# SNIPPETS....

The power of 11111

This is called a repunit i.e. a repeated sequence of ones. There are repunits which are also primes like 11. After 11, a string of nineteen ones i.e. 111...(repeated 19 times and written as R19) is another prime, other examples of repunit primes are R23, R317 and R1031.

No larger repunit prime than R1031 is perhaps known! The number one is itself unique in many ways; i.e. apart from it being used to denote the top or number one position in any situation or subject. One and zero are of course unique binary digits, the universal basis for all digital systems and computations.

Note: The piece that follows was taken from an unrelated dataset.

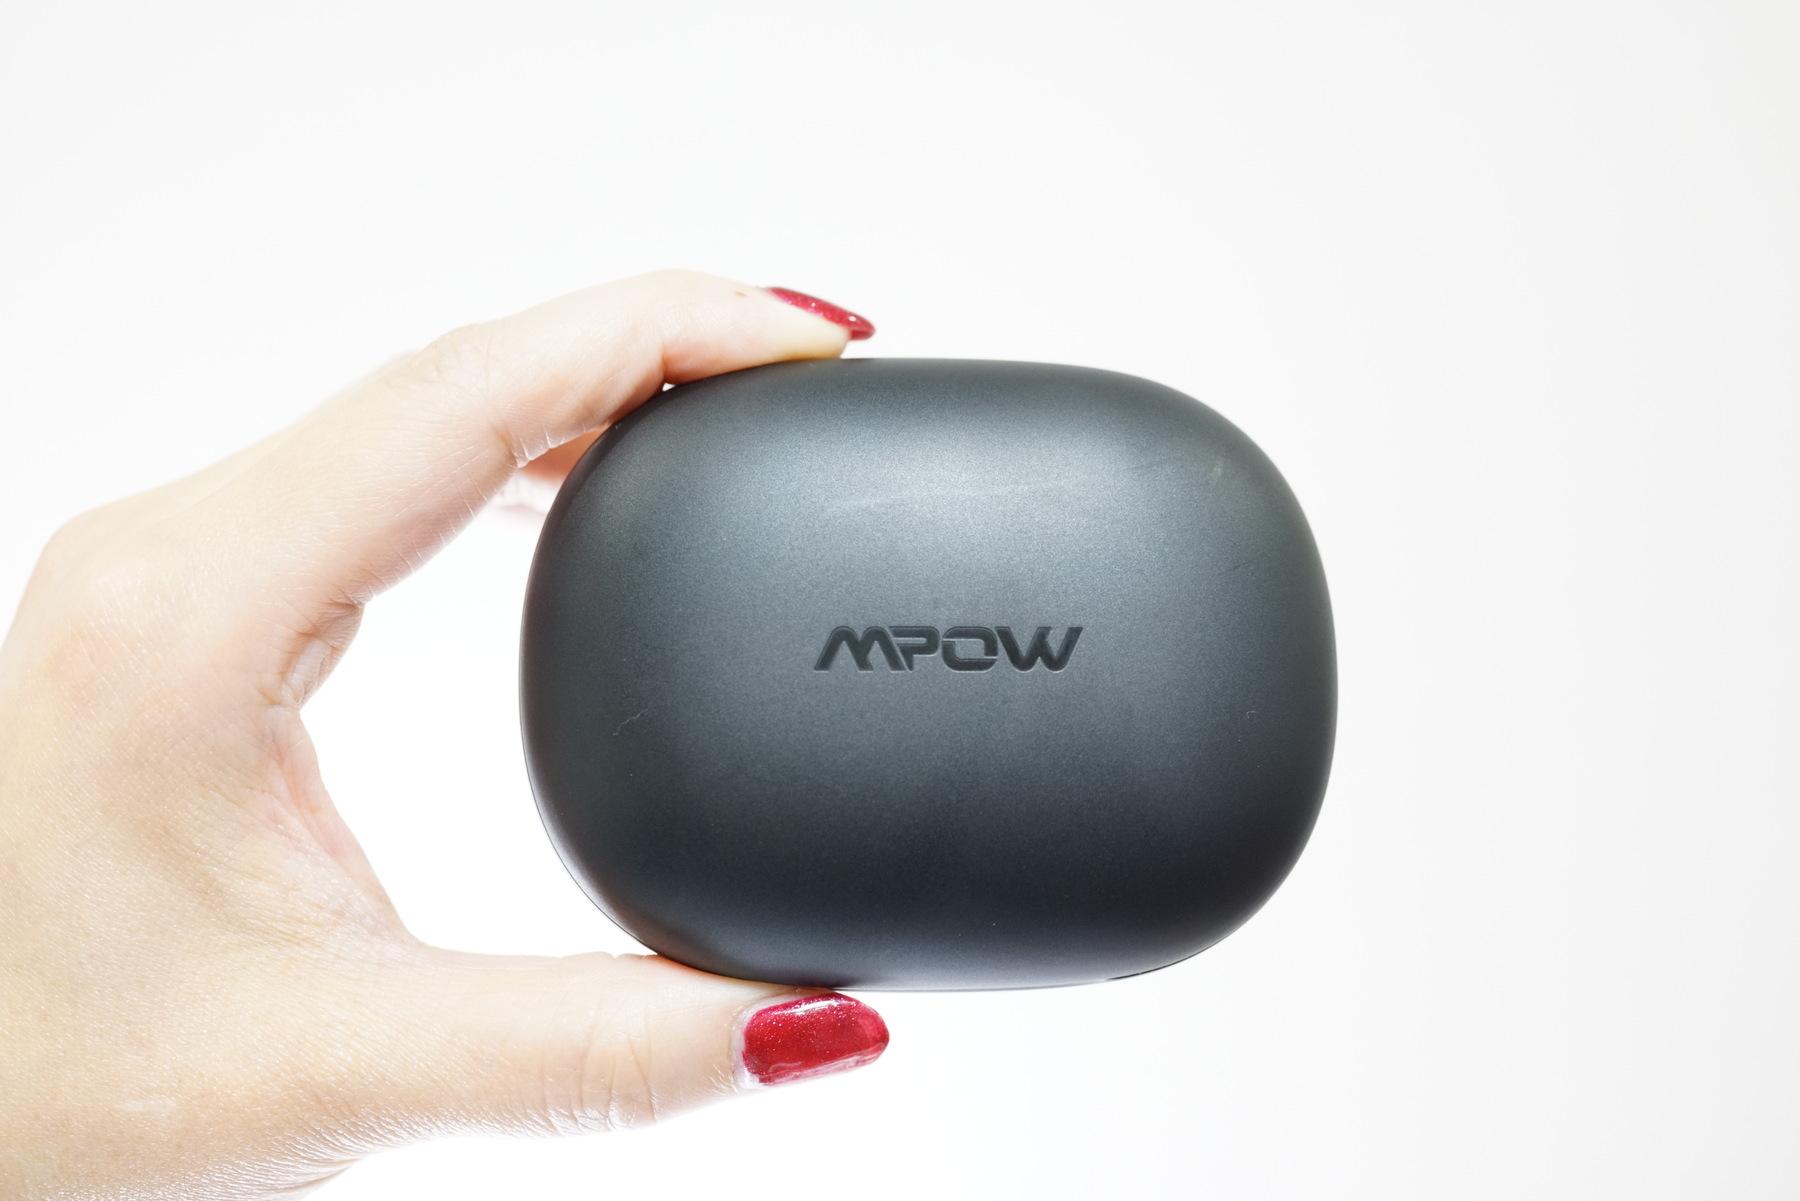 Mpow M20 ワイヤレスイヤホンレビュー 外観参考写真

Anything multiplied by one, remains the same, but anything multiplied by zero also vanishes. Anything (i.e. any number), raised to the power of zero, becomes one, but anything (however large or small) raised to the power of one does not change and is the same number! This has led to the amusing adage “Show me a useless exponent and I will show you one!”. In the adventures of Alice in Wonderland (or rather in its sequel Through the looking glass) one of the riddles posed to Alice (by the Red Queen) is “What is one and one and one...?” Alice replies, “I have lost count!” Of course you can build up all the numbers using only zero and one which is actually the basis for the binary system.

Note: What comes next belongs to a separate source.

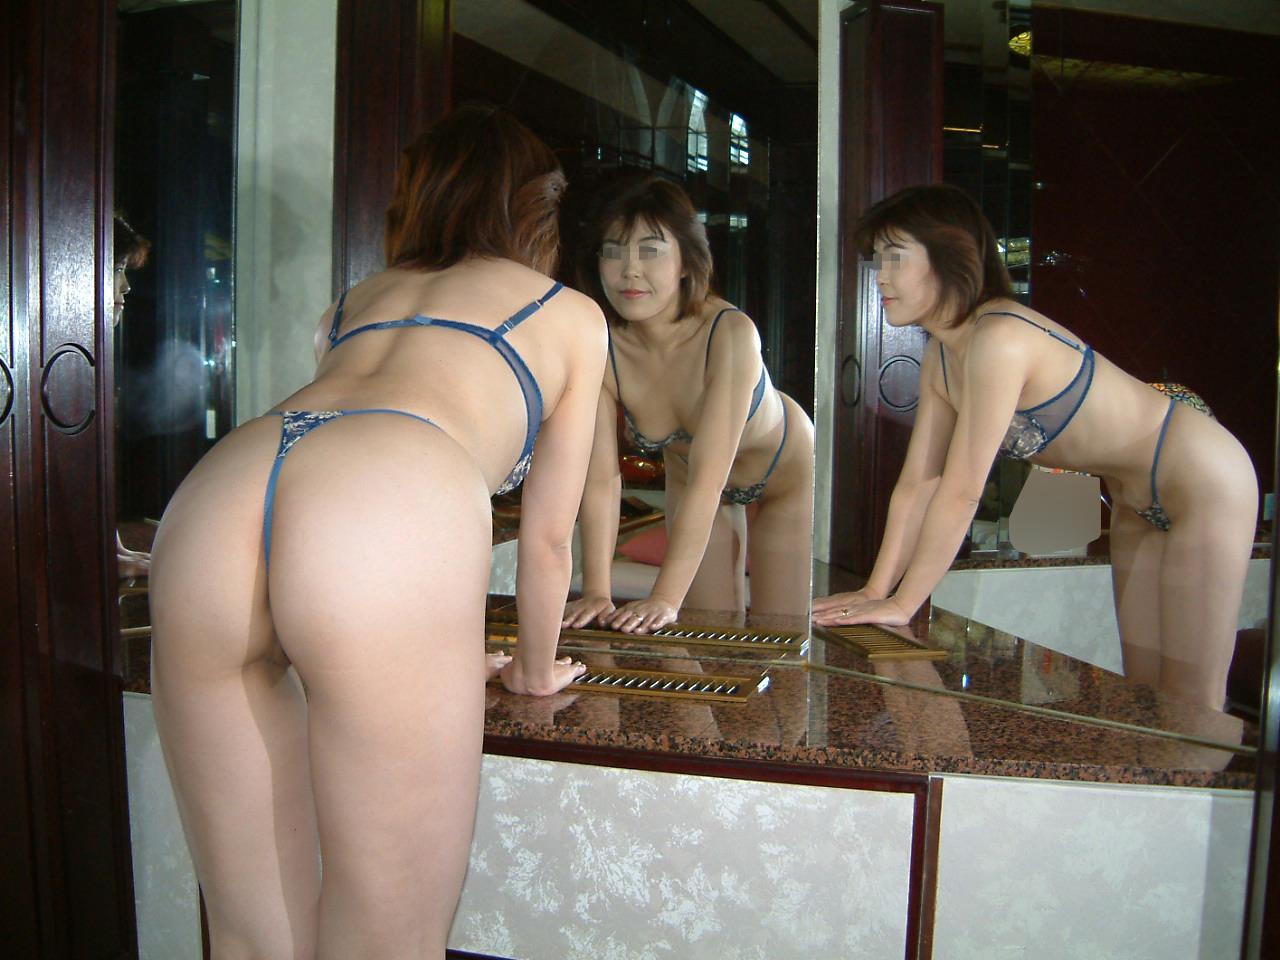 凄い色のセクシー下着で不倫をする淫乱人妻のエロ画像8枚目

The number eleven again has interesting properties. The powers of eleven give the binomial co-efficients in the binomial expansion, as is well known in school algebra, i.e. 11, 121, 1331 etc. If you want to expand (a+b) to the power of n, ex: n=2, coefficients are 1, 2, and 1 for a squared, product ab and b squared. A convenient way to remember this is the so-called Pascal’s triangle, which successively gives the power of eleven. The first few powers of eleven are also palindromic (i.e. read the same both ways), ex: 11, 121, 1331 etc.

Eleven dimensions also play a unique role in unified theories of basic interactions in physics. The universe is supposed to have started with eleven dimensions, four expanding and the remaining shrinking and becoming compact to minuscule dimensions which could be probed in the Large Hadron Collider! The eleventh of November this year will also have the sequence 111111.

C Sivaram

Imagining a new skin that can repel ice

De-icing aircraft with chemicals is expensive, environmentally unfriendly and time-consuming, as stranded passengers during winter blizzards may be well aware. For the last decade researchers have been exploring the possibility of building planes with hydrophobic, or water-repellent, materials that would not require de-icing. But now, researchers from MIT report that this approach is flawed. Although a surface might be water-repellent, it may not be ice- or frost-repellent. Their findings appear in the journal
Applied Physics Letters. “Water can go directly from a vapour stage to a solid state,” said Kripa Varanasi the study’s lead author and a professor of mechanical engineering at MIT.

“When ice forms this way – typically called frost – on a super hydrophobic surface it can pretty much coat up the entire surface.” The result is a surface covered in frost that is no longer hydrophobic, but incredibly hydrophilic, or water-attracting, he said. Varanasi believes that frost build-up can be better controlled by creating a surface with nanoscale texturing. The technology would have applications outside aviation as well. Wind turbines tend to collect large amounts of ice, and aside from introducing significant drag and reducing performance, a spinning turbine can hurl out large chunks of ice that can cause serious damage.

The real challenge lies in creating an ideal texture that deflects unwanted frost formation and is also durable and scalable, Varanasi said.